Kentucky became the premier hemp growing state in the 19th century, as more and more agriculture shifted south and industrialisation took place in the north. In the 20th century, Kentucky hemp cultivation ceased, due in part to the 1937 laws making hemp difficult for farmers to grow.
Today a Kentucky hemp advocate, Gatewood Galbraith, famous for his many stands as candidate for state office, is running again, this time for governor, and will face off to five Democrat challengers in May. Galbraith also stands for gun rights, having featured on the front page of his autobiography with an M-60 machine gun. On perhaps a more positive note, he supports a higher minimum wage law and grants for education.
If Kentucky does succeed in re-legalising hemp, it will no doubt invigorate the economy. Presently tobacco is the major crop, and many tobacco farmers are complaining about being squeezed by the large cigarette companies. Growing hemp for food, fibre, energy and paper will be a welcome addition to the state's agriculture.
Galbraith opposes both parties, his own politics are both centrist and conservative, favouring less government and lower taxes. The hemp issue in many countries is being taken up from all sides; in some states, such as North Carolina, both the Democrat and the GOP senators support hemp farming, and in North Dakota, it is GOP house majority speaker David Monson who leads the crusade to re-legalise hemp.

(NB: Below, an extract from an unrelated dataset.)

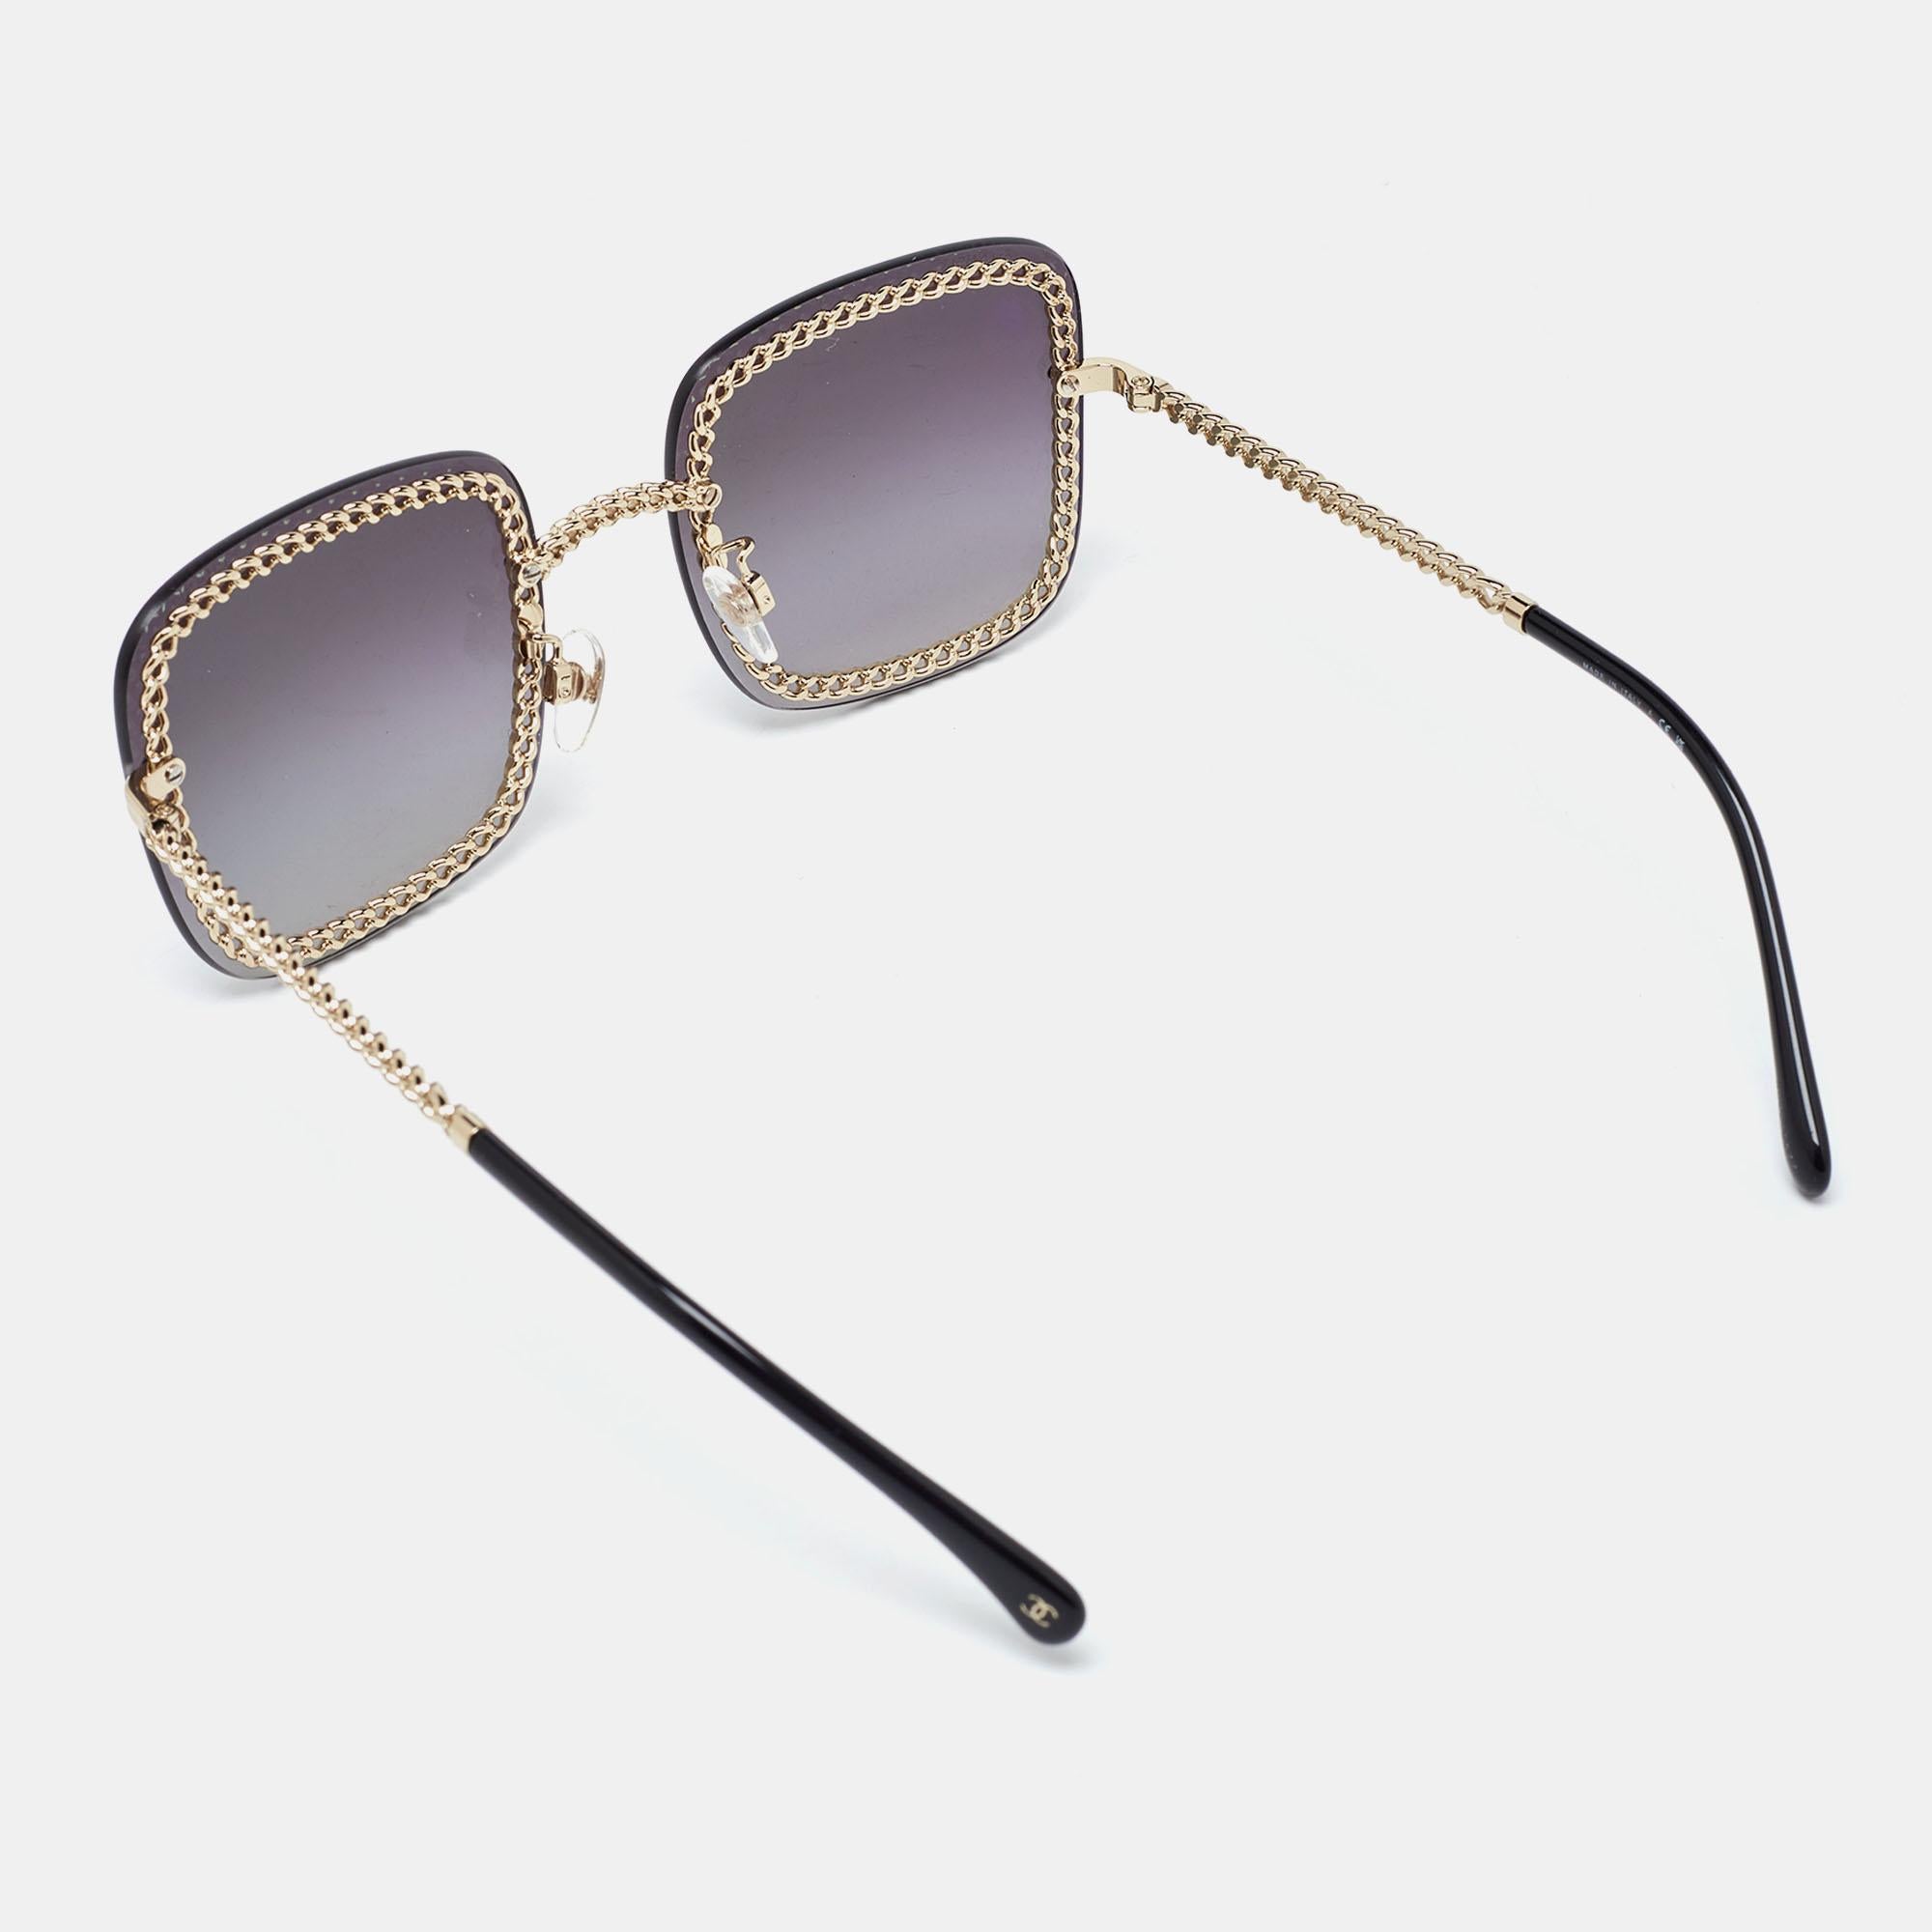 Eine auffällige Sonnenbrille von Chanel ist mit Sicherheit ein wertvoller Kauf. Mit ihrem trendigen Rahmen und den augenschonenden Gläsern ist die Sonnenbrille ideal für den ganzen Tag.

Enthält: Original-Box, Info-Booklet, Original-Staubtuch,

Hemp, however, ought not to be a political issue, it is after all a plant, and does not vote. Hopefully the politicians will all realise this and work to the good of the people. Perhaps in Kentucky they can take a look at their history and see what it good for the state. The image above is of John Hopkins' book on hemp in Kentucky, and it can open the eyes of legislators to what hemp really is about.